Her Forever (Shifted Love #14)
Chapter 1
ALARA
Ibreathed in the morning air from my balcony, letting my fingers curl around the carved railing.
Below me, our settlement clung to the mountain like it had grown there.
As a child, I often wondered how my ancestors had built the stacked terraces, narrow walkways, and lookout posts into the cliff. It had just seemed impossible to me.
My home was undeniably beautiful, but every time I looked beyond the woods, something inside me tightened.
“Alara?” A guard stationed two balconies over shifted his weight, alert even in the early morning stillness. “Your brother wants you to have an escort if you plan to run today.”
Of course he did.
Caelan’s intentions were good, but being his little sister meant I was treated like the one breakable thing in a chain that prided itself on strength.
Lynx shifters weren’t rare because we were weak.
Our litters were just small and achingly far apart.

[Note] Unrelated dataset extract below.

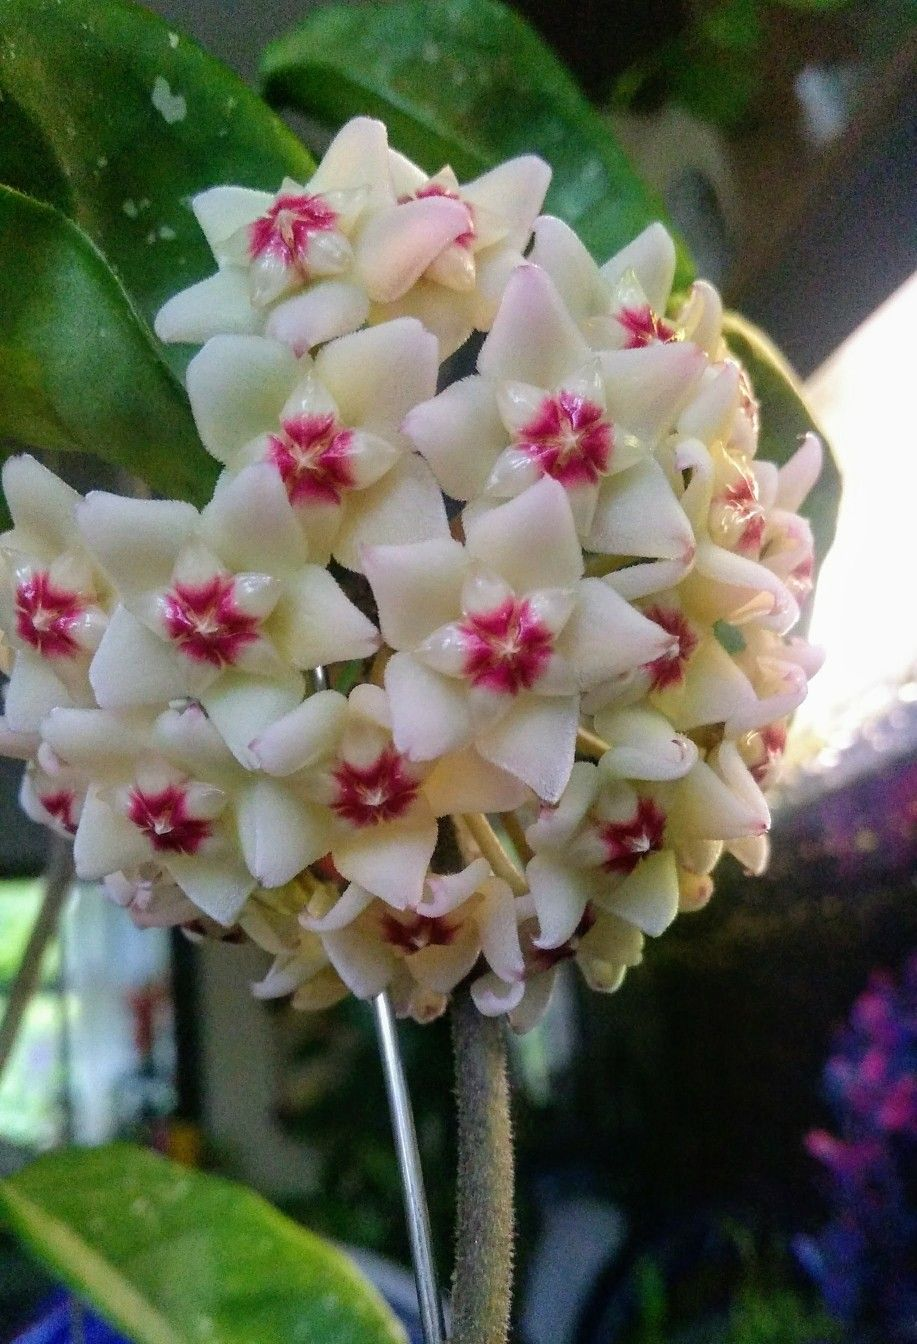 HOYA CARNOSA Krimson Queen-bellissima Porcellana Fiore//fiore cera

Being so much older than me, my brother was wildly overprotective.
In all fairness, I understood to a certain extent why he insisted I never go off exploring on my own.
Our parents had been on one of their annual adventures when they disappeared.
Their deaths were still a mystery since their bodies were never recovered.
We only knew they were gone because the alpha role passed to Caelan at the same moment I inherited my mother’s gift.
There had been no logical explanation other than their demise.
But that didn’t mean I wanted to live my life without ever leaving the Nightbriar borders.
The moment the guard’s gaze wandered toward the far path, I slipped out of my room and down the back stairway. Unfortunately, my brother seemed to have a second sense when it came to me, and he rounded the corner just as I hit the bottom step.
“You’re up early.” His gaze swept over me, a concerned gleam in his eyes. “Did you sleep at all?”
“Well enough,” I lied.
He took in the faint shadows under my eyes, and a muscle in his jaw tightened. “I thought I heard movement during the night. You weren’t wandering the halls again, were you?”
“I stayed inside,” I hedged.
That wasn’t really an answer, and Caelan knew it.
His posture shifted—less brother, more alpha assessing territory. “You know I’m not trying to cage you.”
Except that was exactly what it felt like. My home was beautiful and comfortable, but I still felt cooped up.
He stepped closer, lowering his voice. “We’ve increased boundary patrols. Korrin spotted signs someone crossed near the northern ridge sometime this week.”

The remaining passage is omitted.